Es la madre que limpia casas y que, con la mitad de sus clientas recortando gastos, ya no llega ni a cubrir el alquiler de la pieza.

Es la piba que pasa doce horas haciendo uñas y alisados a domicilio, frente a ganancias cada vez más magras.

Es el joven que vende en ferias o por redes y, con la caída del consumo, ya no llega ni al mínimo.

Es el comerciante de barrio que no puede pagar la luz del local.

Es el pibe que pedalea para las aplicaciones 14 horas por día y ve cómo su cuerpo se desgasta, mientras el algoritmo cobra en dólares y le paga en pesos que se deshacen.

Y es también la changa que se cae. El que antes mandaba a cortar el pasto, ahora lo hace él.

La pieza que había que pintar, y que era laburo para el pintor del barrio, hoy puede esperar.

No es que no trabajan. Trabajan, y mucho. Pero lo hacen al margen. Porque este modelo los empuja ahí.
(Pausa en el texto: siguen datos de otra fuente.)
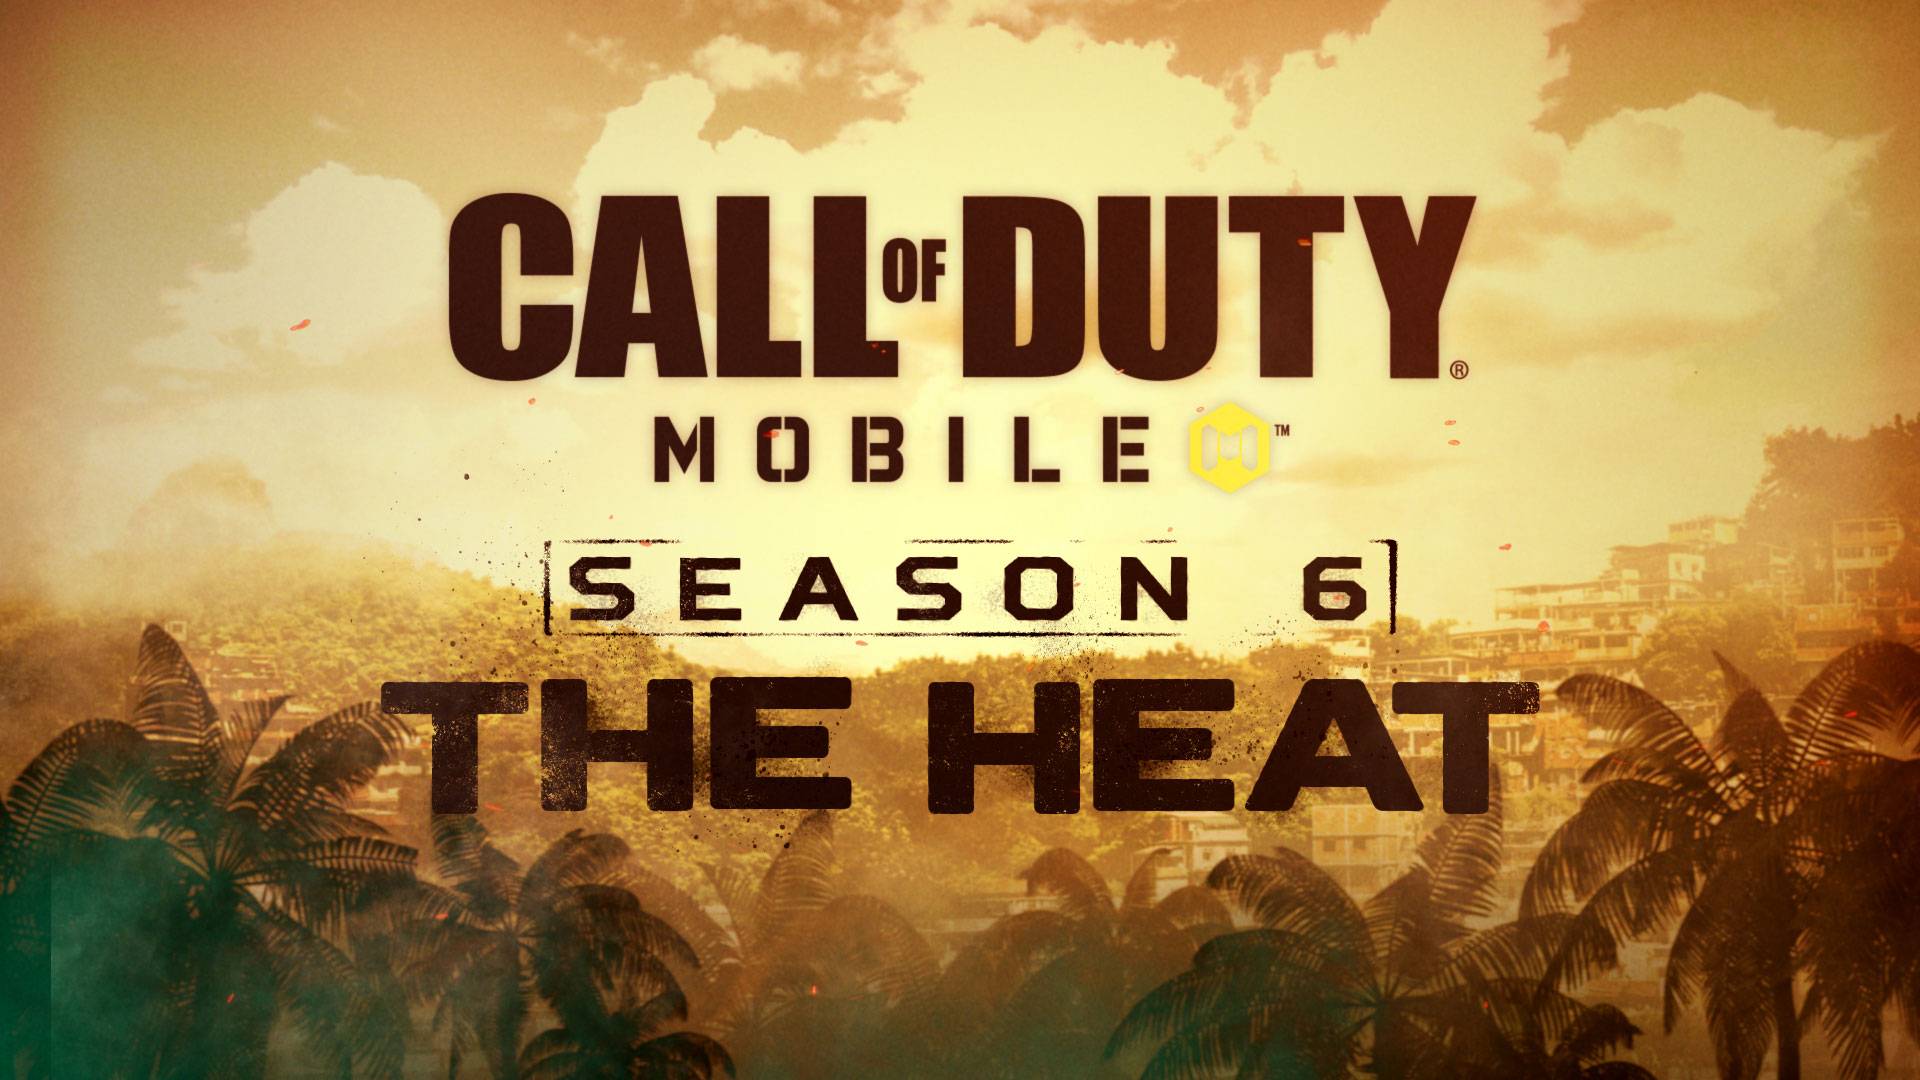 Call of Duty Mobile Season 6

La Argentina hace años que no genera empleo privado de calidad. Con el gobierno de Milei y Caputo se recrudece esta realidad. Hay que decirlo sin vueltas: este modelo no soluciona la informalidad, la produce.

La convierte en estructura. La justifica. La legitima. La naturaliza.

Cuando el Estado se retira, cuando se arrodilla frente al mercado, cuando abandona su rol de equilibrar, cuidar, integrar… lo que queda es la intemperie.

El achique no ordena: expulsa. Del empleo registrado, de la salud, de la educación, de la previsión.

Y esa exclusión se traduce en angustia, en frustración, en pobreza.

Y, más grave aún: en deuda.

Porque esta crisis no solo precariza: endeuda.

Cada vez más familias viven del fiado, del adelanto, del vuelto que ya no alcanza.

Y en los barrios populares, donde el crédito formal no llega, el único que presta es el usurero, muchas veces vinculado al narco.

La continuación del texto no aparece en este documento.